* PROBLEM TO SOLVE
Give the data back exactly. Leave out any images.

* PROVIDED DATA
......
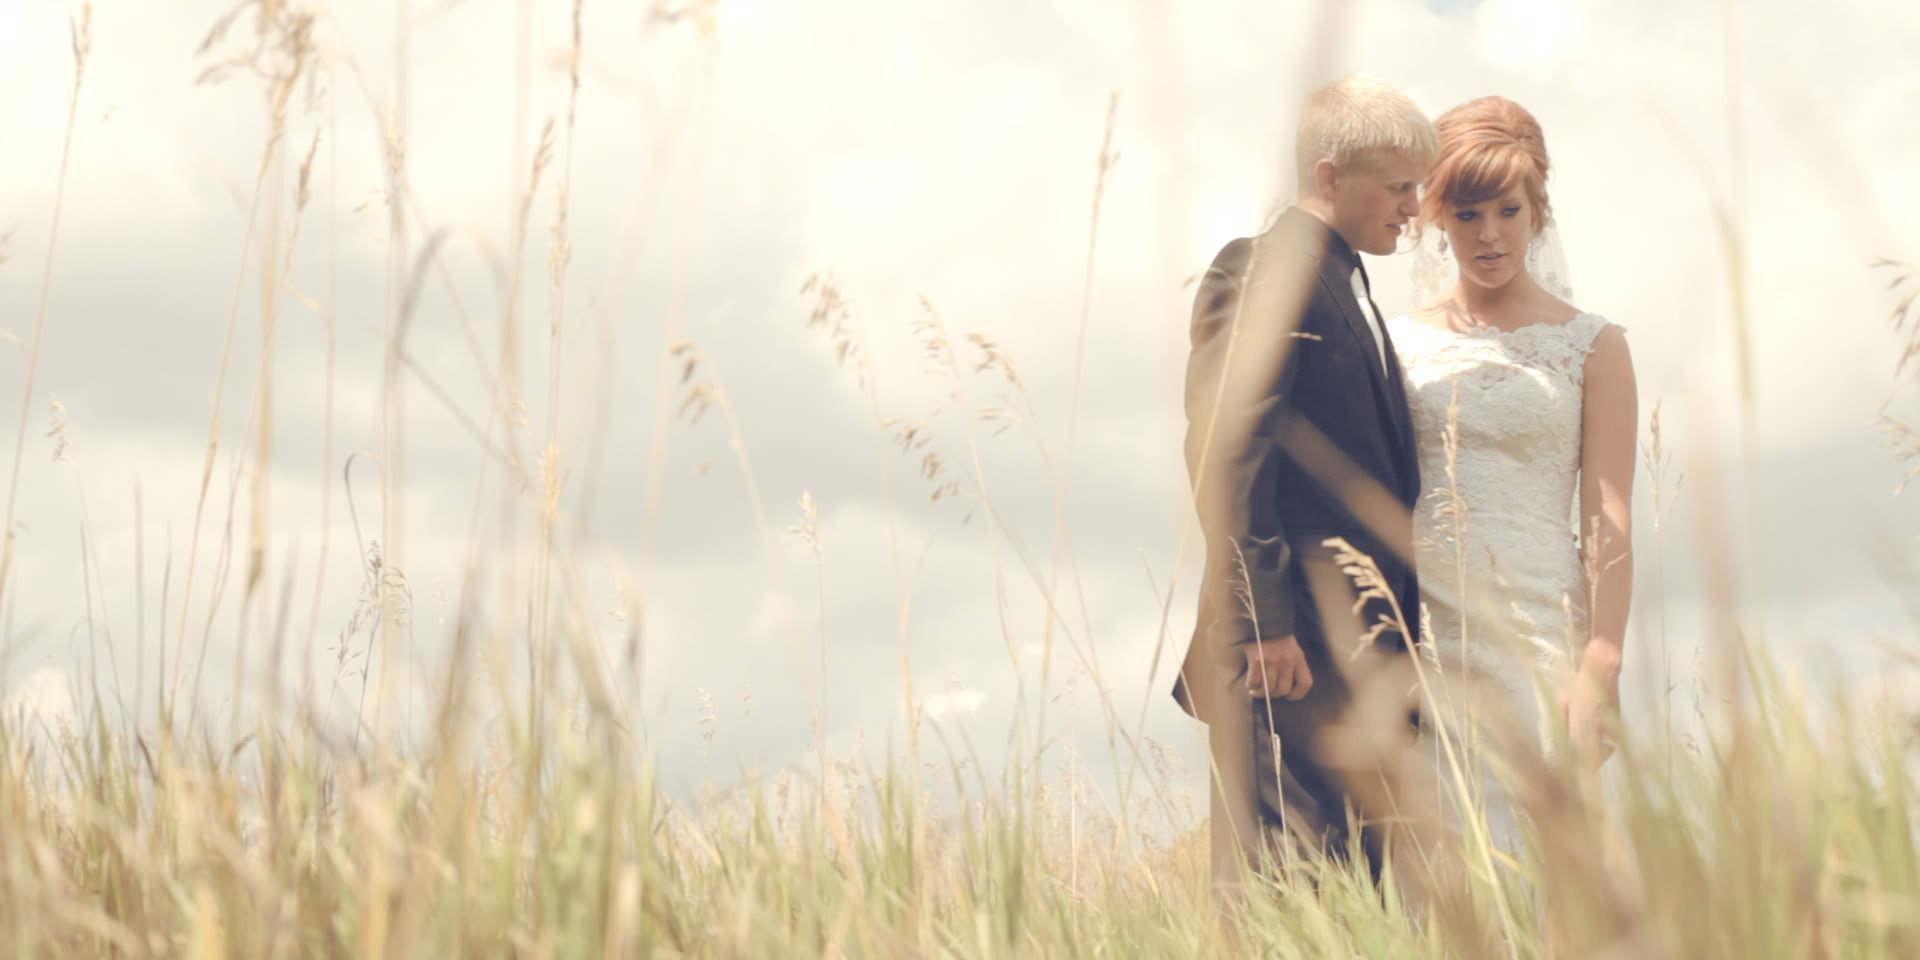 travis&katie wedding story.00_04_07_12.Still008.jpg
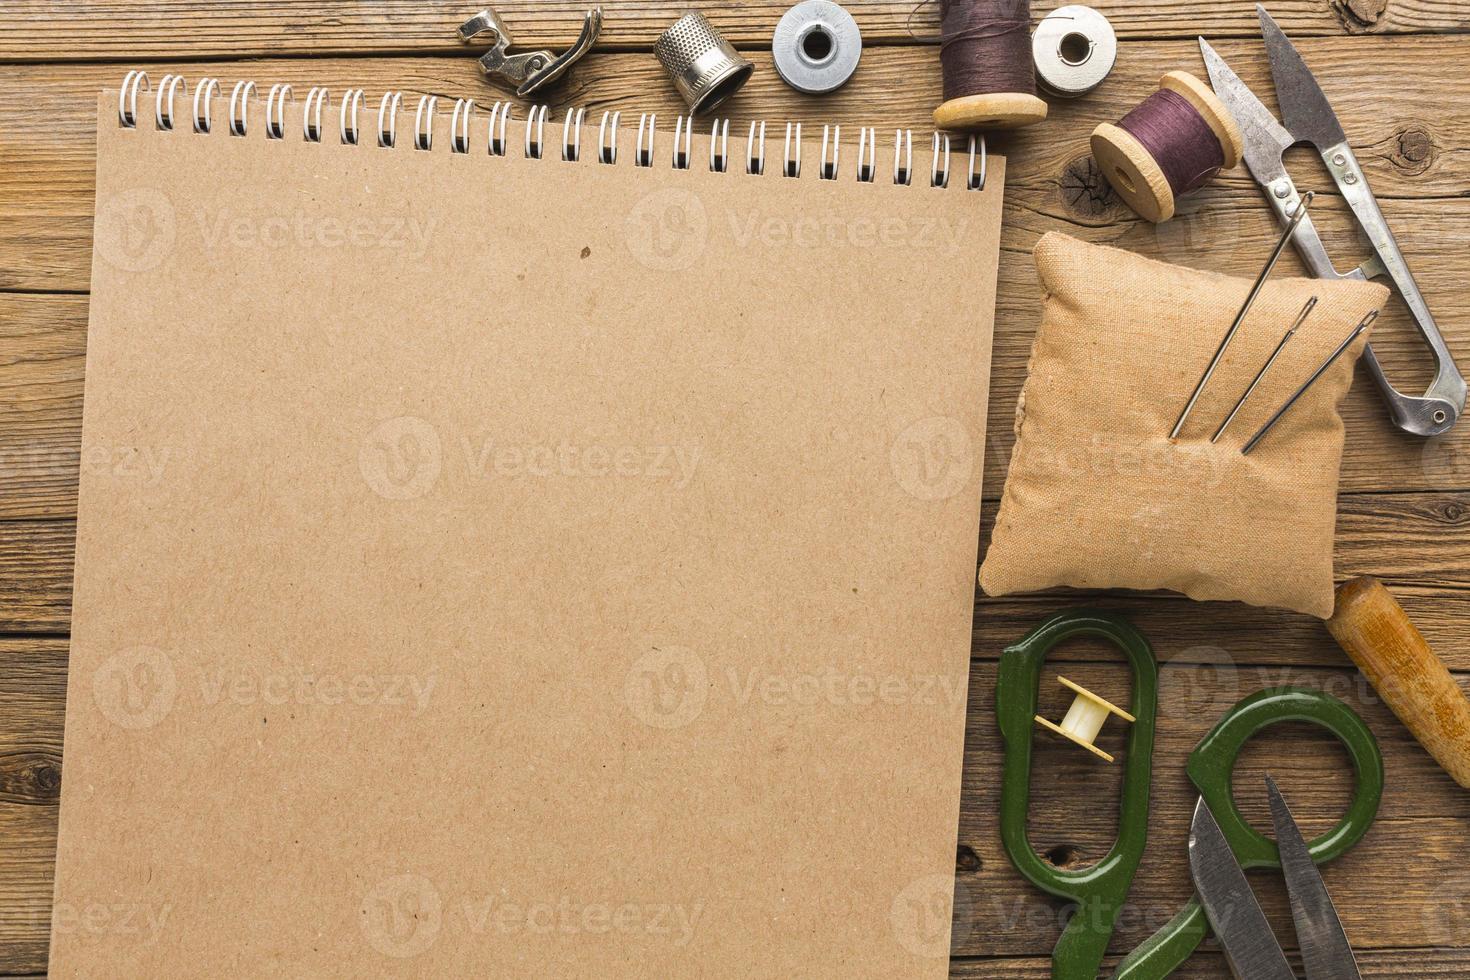 cahier vue de dessus avec fil de ciseaux photo
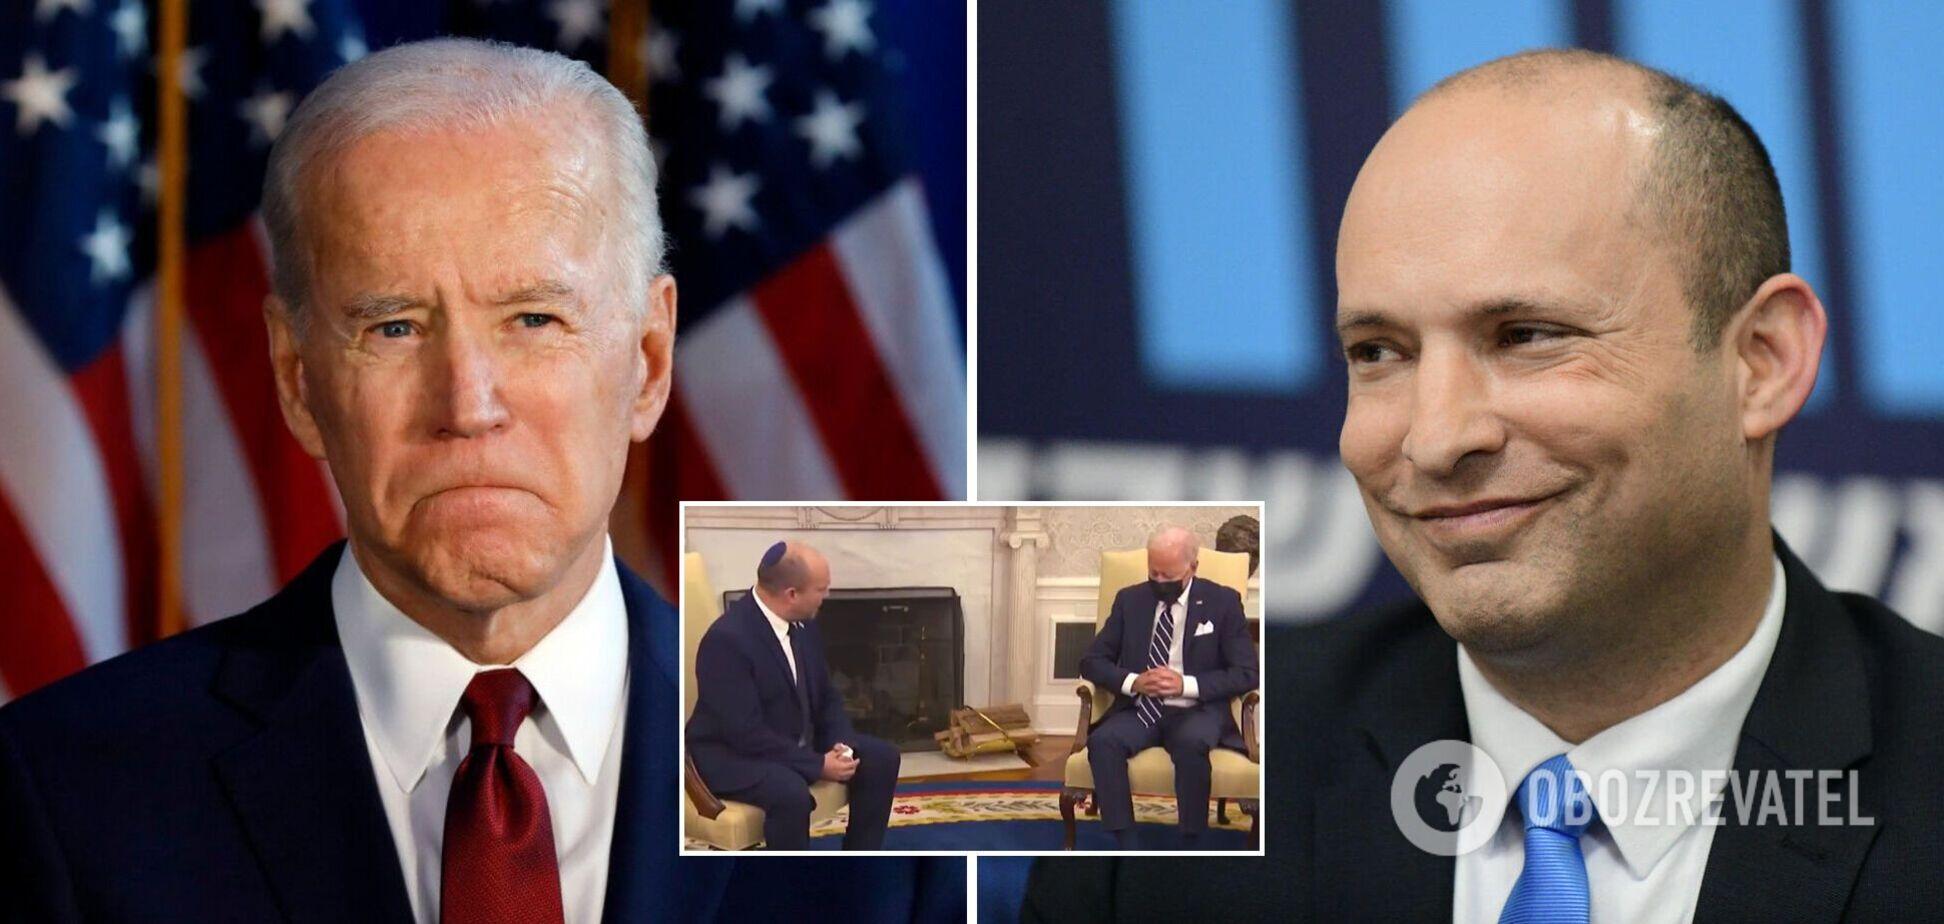 Байден уснул: в сети запустили фейк о встрече президента США с премьером Израиля
......
* COMPLETED TASK
 travis&katie wedding story.00_04_07_12.Still008.jpg
 cahier vue de dessus avec fil de ciseaux photo
 Байден уснул: в сети запустили фейк о встрече президента США с премьером Израиля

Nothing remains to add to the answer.